Ce qui frappe tout de suite dans ce polar, c’est la mise en scène très proche des polars d’Hitchcock. Le style est retranscrit de bien belle manière non pas par des travellings, mais des plans fixes quasi subjectifs à la Wes Anderson, beaucoup de plans larges, pas ou peu de caméra à l’épaule. Nous sommes dans du classique. Cependant, trop de classique tue le classique. Ainsi, nous nous retrouvons comme prisonnier de l’époque du film, et nous nous perdons dans le classicisme des références bien trop nombreuses.
(...) L‘ambiance générale est vraiment particulière, très proche des polars des années 50 et des thrillers d’Hitchcock. On pourrait la qualifier d’âpre, rude, parfois violente, voire oppressante. C’est comme si le film était entouré d’une brume pâteuse : nous étouffons, c’est une sensation bien étrange, parfois agréable, parfois rude et sèche. Elle peut être due à ce triangle amoureux où l’ambiance est glaçante. Sommes-nous dans la réalité ou dans le rêve? Est ce que tout cela est réel ou irréel? A ce moment là, les personnages sont perdus eux-mêmes dans une vision troublante de leur vie oscillant entre le soleil et la pluie, le bonheur et le malheur, la vie et la mort. Tout ceci retranscrit dans un rythme haletant qui peut soit laisser de marbre, soit subjuguer. Ces personnages perdus dans leurs propres rêves, évoquent l’onirisme de David Lynch, qui dans beaucoup de ses films comme Mulholland drive, installe une ambiance assez étouffante voire malsaine pour le spectateur.
Le scénario quant à lui est bien écrit et rondement mené.

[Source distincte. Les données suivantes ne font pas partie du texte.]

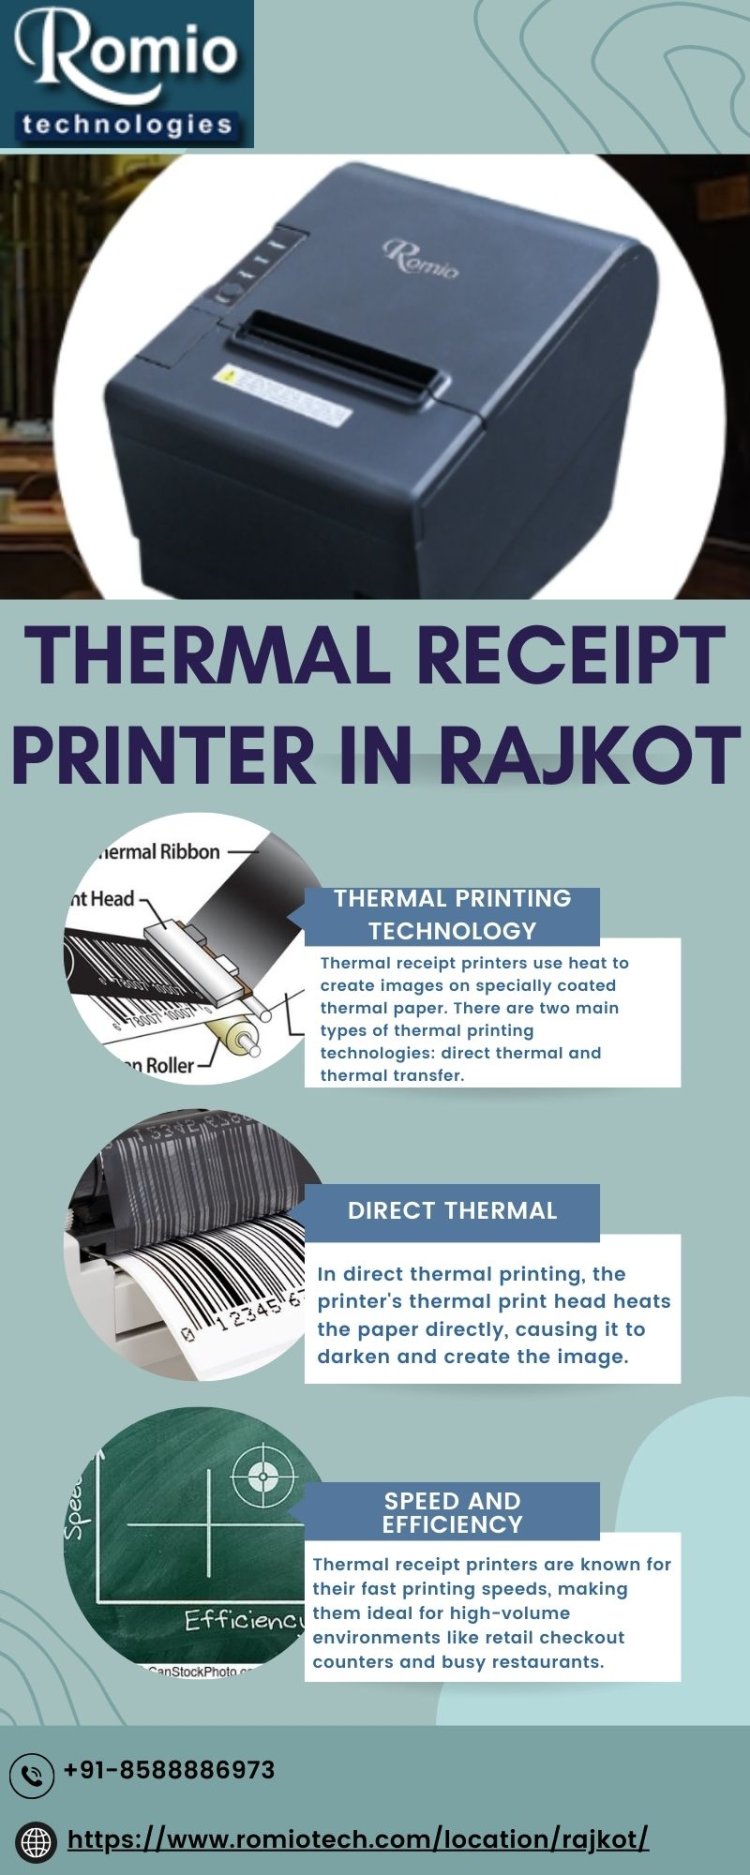 Thermal Receipt Printer in Rajkot

Même si Amini réalise le film, il n’en reste pas moins un vrai scénariste et un très bon adaptateur. Nous regretterons cependant, un manque important d’enjeux sur certaines scènes : nous ne ressentons aucune détresse pour les personnages ; le scénario est trop prévisible, car l’hommage prend le pas sur la personnalité singulière de l’intrigue. Cependant, certaines scènes sont dignes d’un grand polar.
Au final, le spectateur sort de la salle ni repu, ni frustré. Avec un scénario bien mené mais prévisible, intriguant parfois, mais inégal, ce thriller sombre aurait mérité une meilleure inspiration, surtout au niveau de sa mise en scène et de son scénario. Toutefois, la prestation des acteurs et certaines scènes dignes de grands polars permettent aux spectateurs de passer un moment agréable.